Чтобы его подбодрить, Ловец дал ему в руки бумажный пакет, который принес. Там находилось дополнительное питание, которое выделил от своих щедрот майор ГБ для меткого снайпера. Они с Чодо поговорили тихо и недолго. Вокруг лежали другие раненые, которые смотрели во все глаза на капитана из НКВД и молчали, наверное, думая, что он пришел допросить их соседа по палате. Но, Чодо просто спрашивал о группе, о новичках, вспоминал что-то свое, и в его словах сквозила невысказанная тоска по мирному времени, по своему таежному краю, по охоте, которую он понимал лучше многих. Ловец, отвечая ему, ловил себя на мысли, что этот простой и искренний человек стал ему за короткое время ближе и понятнее, чем многие люди в его прошлой жизни.

Когда Чодо, приняв лекарства, начал дремать, Ловец тихо вышел из палаты в длинный, слабо освещенный керосиновыми лампами, коридор. И тут он увидел ее. Она стояла у столика сестры, разбирая бинты, ее спина была прямой, а русые волосы, выбившиеся из-под белоснежного платка, казались единственным светлым пятном в этом полумраке. Как только она повернулась, он сразу узнал девушку.

Перед ним была Полина, тот самый фронтовой санинструктор с умными, слишком взрослыми для ее возраста глазами. Он уже видел ее: в тот первый страшный день в «Долине смерти», когда она, не обращая внимания на свист пуль и близкие разрывы минометных мин, перевязывала раненого ефрейтора Павла Суркова, и потом — у блиндажа на высоте, где она выхаживала того же Чодо и накладывала повязку на голову контуженого Орлова. Каждый раз она мелькала перед ним, как видение — стройная и уверенная в своей суровой работе по оказанию помощи раненым.

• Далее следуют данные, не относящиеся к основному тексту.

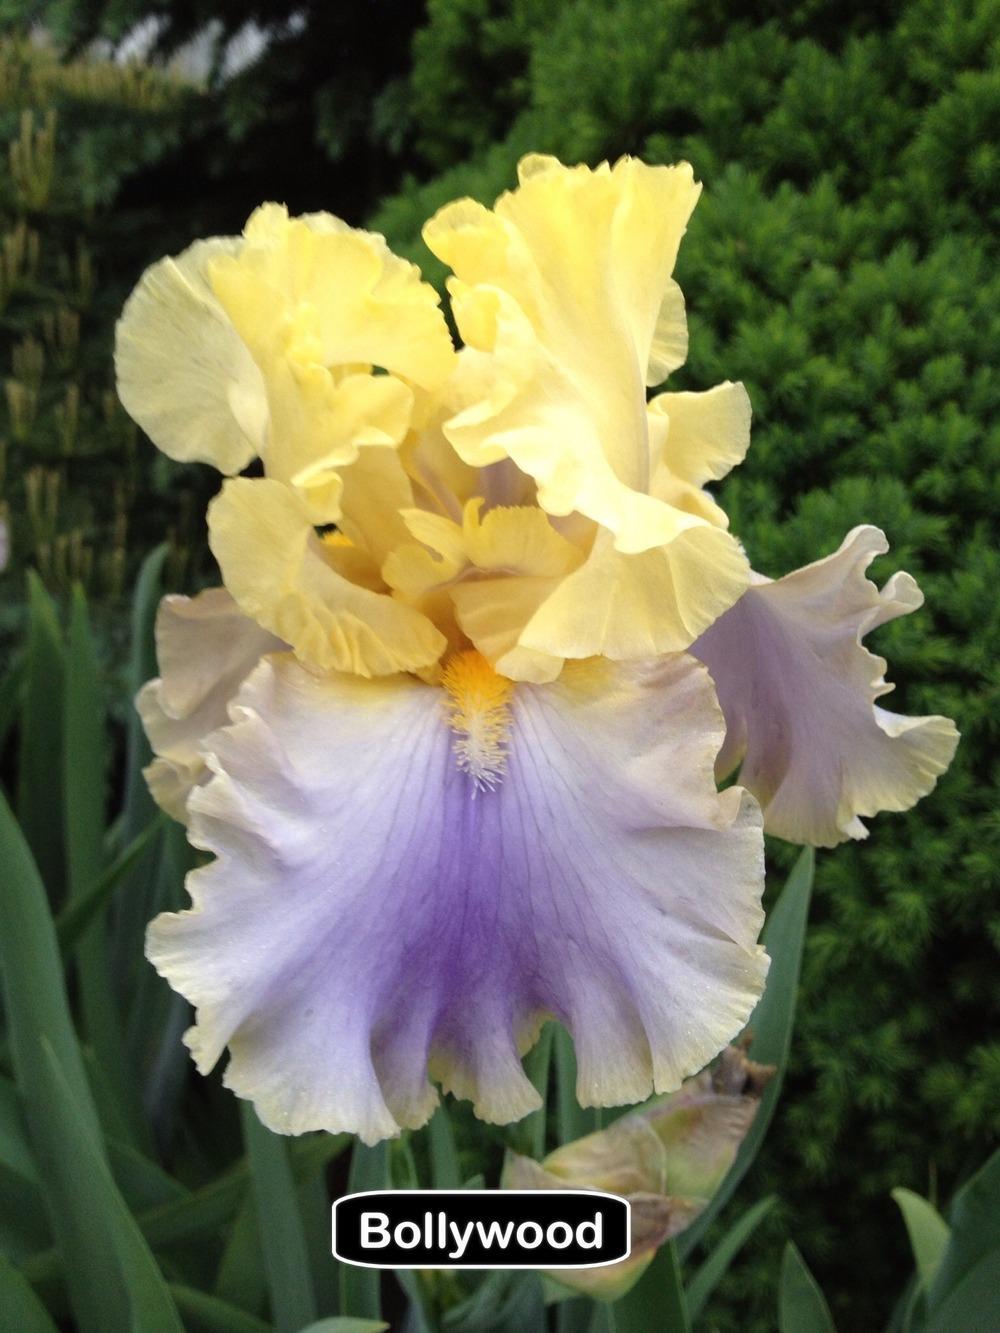 Photo of Tall Bearded Iris (Iris 'Bollywood') uploaded by Njiris

Как только их взгляды встретились, в глазах девушки тоже мелькнуло узнавание. А потом она задала вопрос, смешанный с удивлением:

— Капитан, вы, наверное, к Чодо пришли?

— Да, Полина, — просто ответил Ловец, чувствуя неловкую скованность, забытую со времен юности. — Проведал уже.

— Он идет на поправку. Рана чистая, воспаления нет, — ее голос был тихим, но четким. — Крепкий он у вас. Но на ногу ему вставать рано. Нужен покой, чтобы рана не открылась.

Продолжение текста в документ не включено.